With any length bbl or action style I would choose a 180gr WFNGC(wide flat nose gas check)(hard cast). One with as wide a meplate as possible. Would cut a wide hole going in and with no jacket to shead would penetrate deep. A good closer range hog and deer killer for sure.

Check Buffalo Bore and Double Tap. Several others are good also. --- SAWMAN


----------



## aaronious45 (Dec 15, 2011)

Maxfold's Virginian dragoon...I've put 20 rds through it and it's now my favorite handgun..I'm anti Internet ordering, but if I can't find any local I suppose I'll order the hard casts. Thanks sawman


----------



## Joraca (Dec 29, 2007)

Are you making them or buying them?

Joraca


----------



## aaronious45 (Dec 15, 2011)

Buying..I'm to poor to reload lol


----------



## countryjwh (Nov 20, 2007)

my brother used a hornady hunting round. i think it is 125 grain but i dont know the exact bullet out of his .357.


----------



## aaronious45 (Dec 15, 2011)

I've got a few140g hornady ftx rounds.. They seem more potent than the 158g winchesters jsp.. I'm building a ballistic deer target out of gel and bones to test a few... I can't wait to get the hard casts blowing through there


----------



## Joraca (Dec 29, 2007)

OK. If you start reloading, post a follow up.
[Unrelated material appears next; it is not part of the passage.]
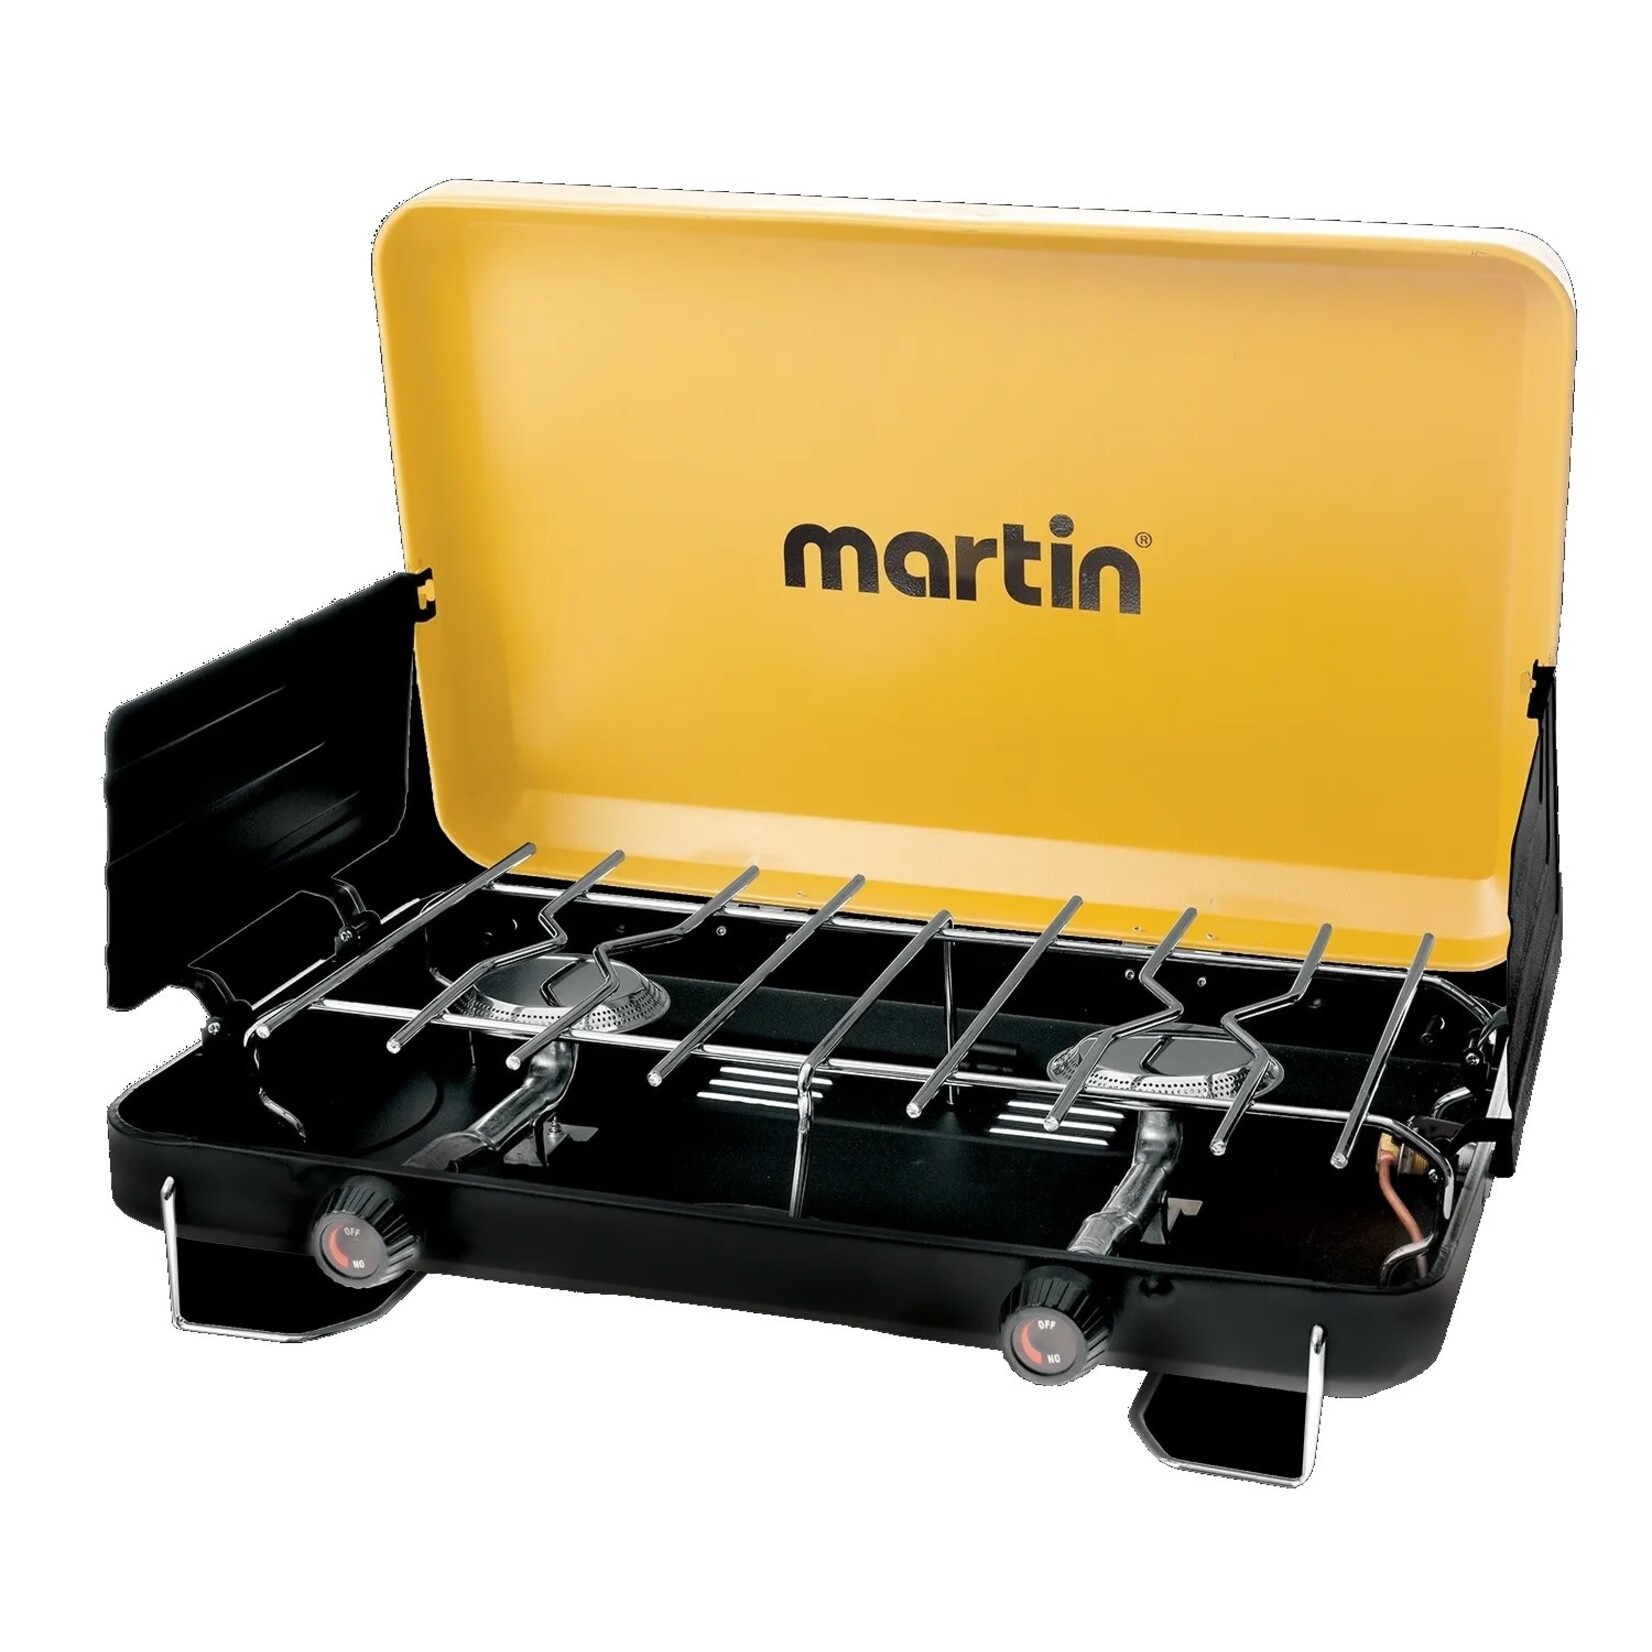 MARTIN Poêle Martin Mcs200 Au Propane 20000 Btu

With that long of barrel, you can achieve 1200fps with 180 gr loads and close to 1800fps with 125gr loads if you reload. 

When test firing, I suggest you use a pad under the elbow of your gripping hand. I think I developed arthritis in my right elbow from test firing hot .357 loads in a contender.

I'd shoot heavy bullets heavily crimped at deer or hogs.

Joraca


----------



## aaronious45 (Dec 15, 2011)

If I could reload I would but I don't have the money or space todo so. According to hornady( http://www.hornady.com/images/ballistics/ballistics_charts.pdf ) I should be close to those ballistics already.. They are getting 1250 fps-158g and 1500-125g out of an 8"bbl? Does any one local load for other people?


----------